With my feed reader, by the way, I read the other way around: the old articles are at the top and I read down to the now. This is because I often leave articles unread (sometimes for a very long time) if they are too long for the current situation or if I want to stumble across them again in a different context.

What is missing, by the way, is a synchronization of the reading position across different devices. This is indispensable for my feed readers, which is why I have been running my own instance of the FreshRSS software as a backend for my changing feed reader apps since the inglorious end of Google Reader. For some third party Twitter clients there was such a service initially but it kind of got discontinued or got paid for and then discontinued if I remember correctly. But I miss this feature a lot and neither the web interface of Twitter nor that of Mastodon can do that, although it would actually be easy to implement there because you could simply attach the reading position to the profile. Apparently I really am an edge case.
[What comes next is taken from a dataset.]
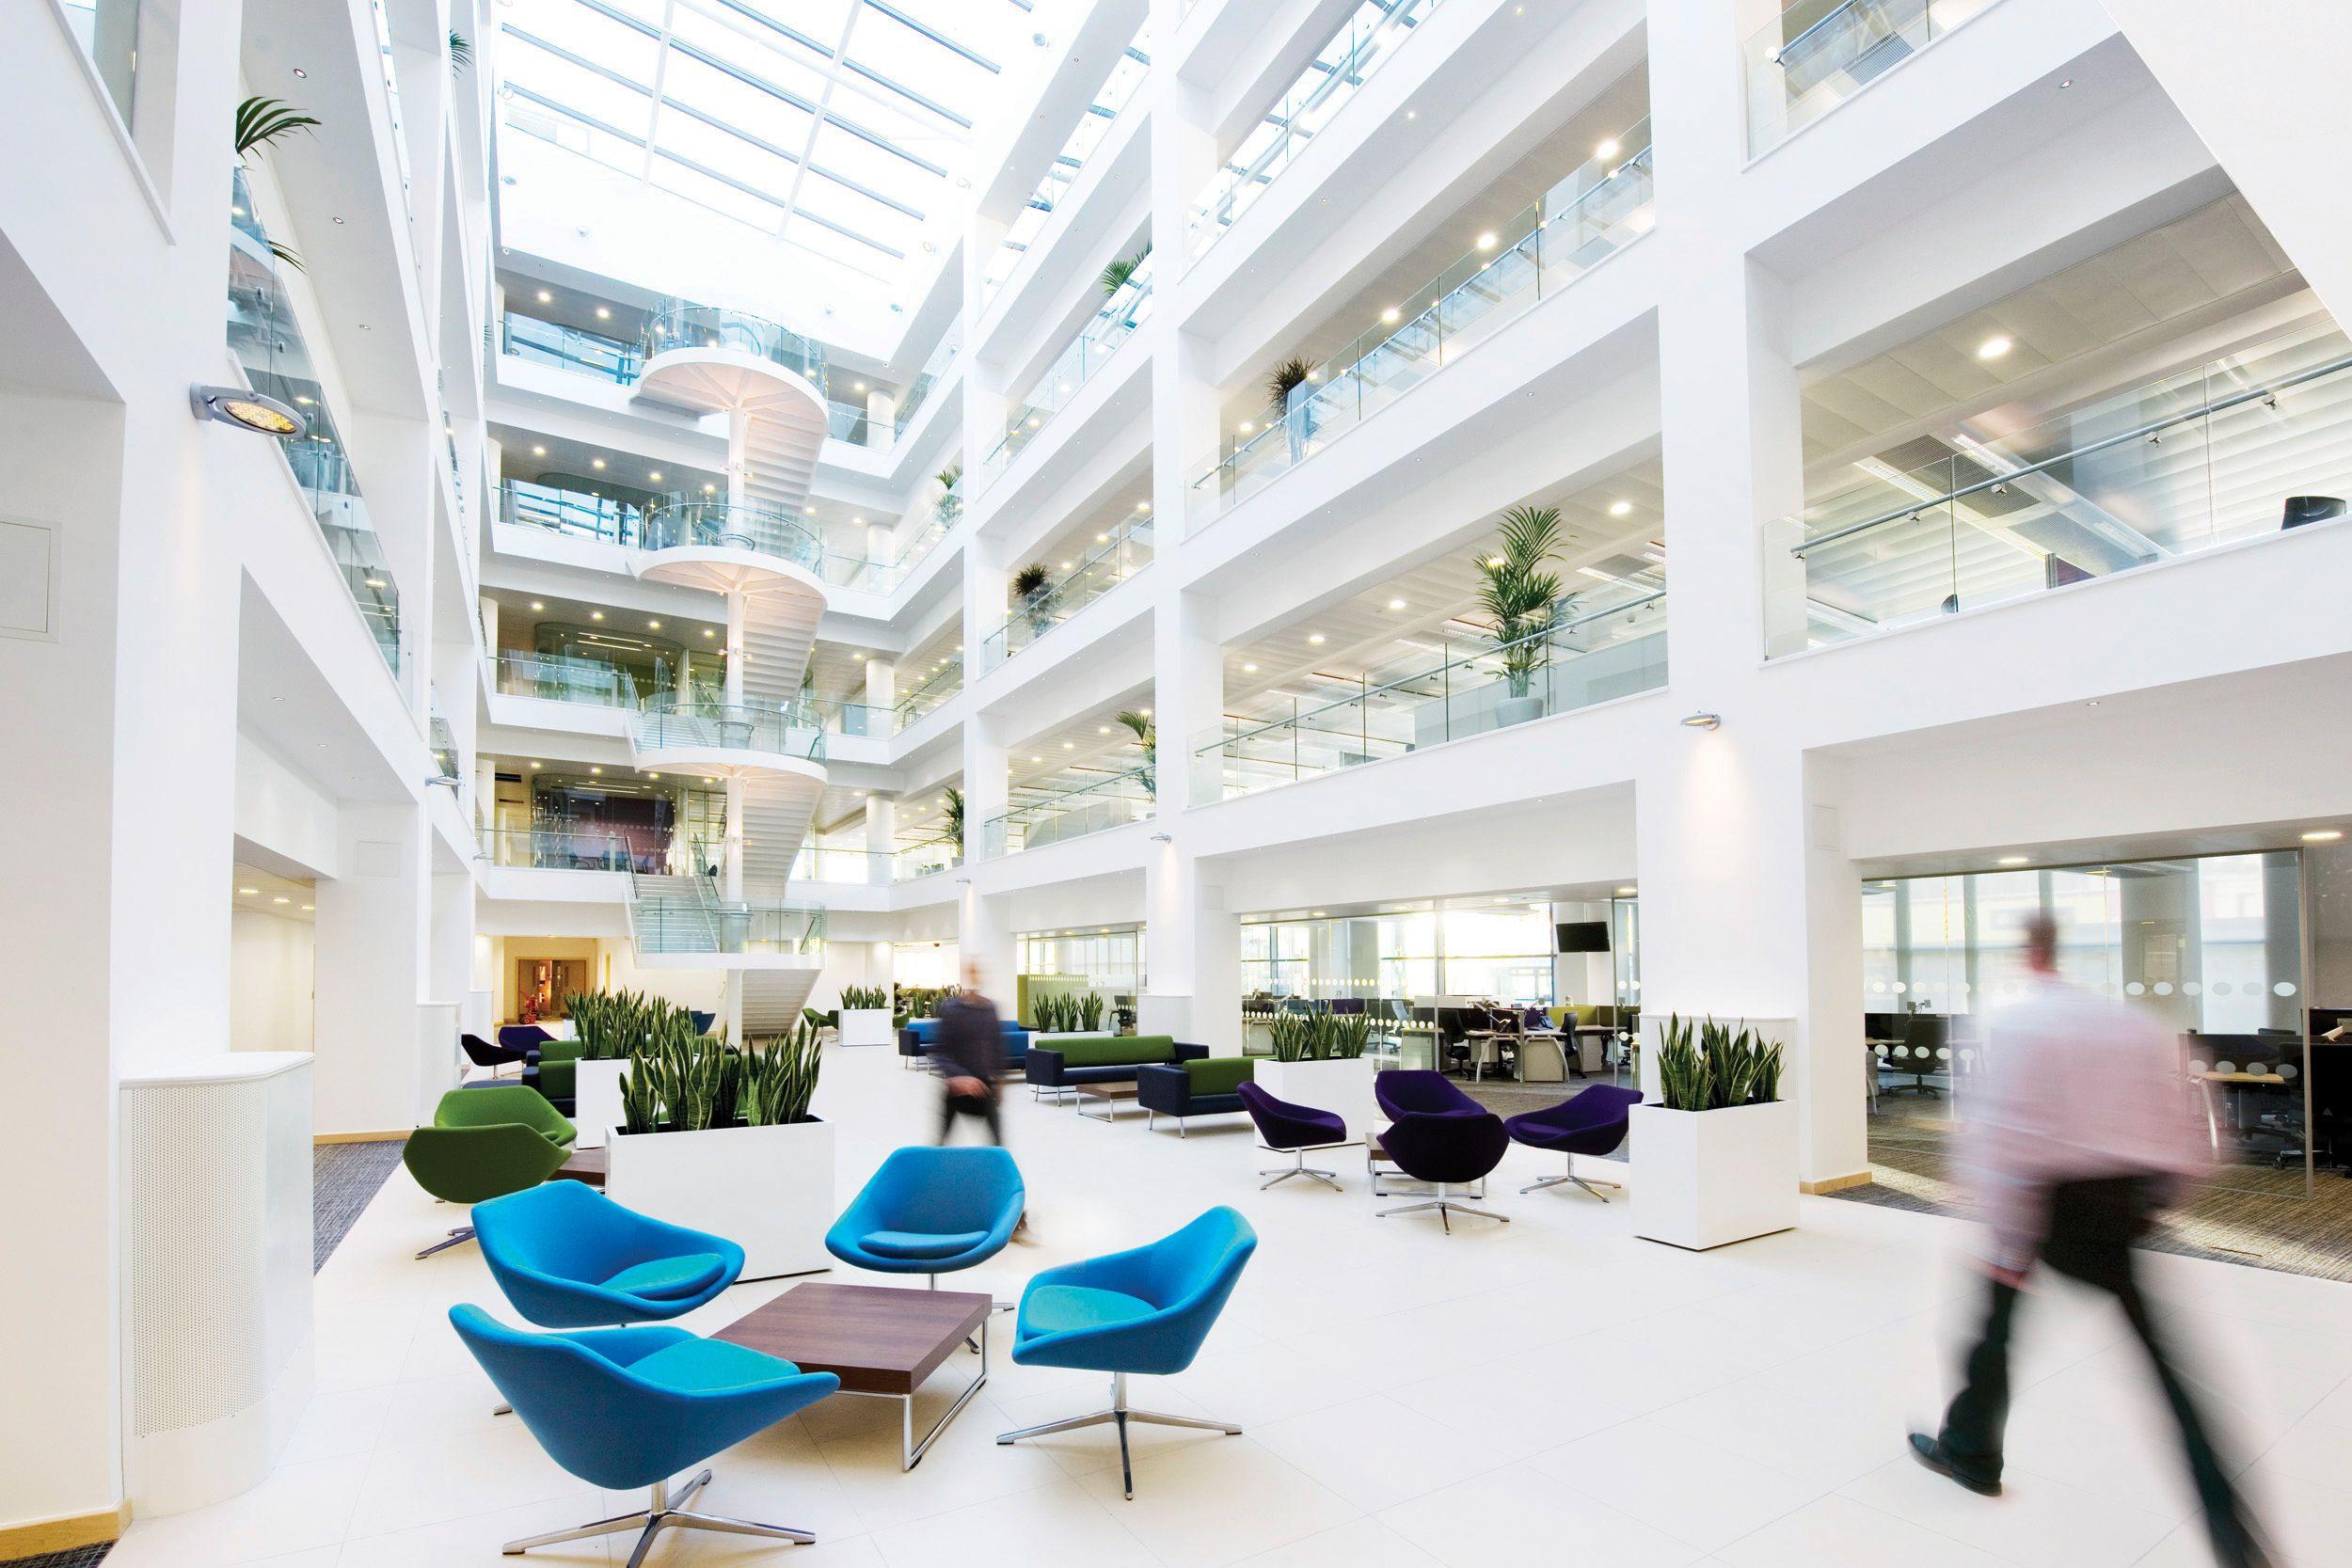 atrium eoffice HL-office-atrium.jpg (2500×1667) | Atrium | Pinterest | Office ...

Addendum: Helpful feedback came directly from Mastodon. For Apple devices, there are probably two Mastodon clients that address the problem: Ivory (paid app) and Metatext (free and open source). Metatext even automatically recognizes the reading direction and uses arrows to indicate the direction in which the text will be filled. I am touched and once again a little contrite that there seems to be more emphasis on UX (user experience) when it comes to apps for Apple systems. Thanks to Ernst and Sylke for the tips and other feedback: I’m not alone at all.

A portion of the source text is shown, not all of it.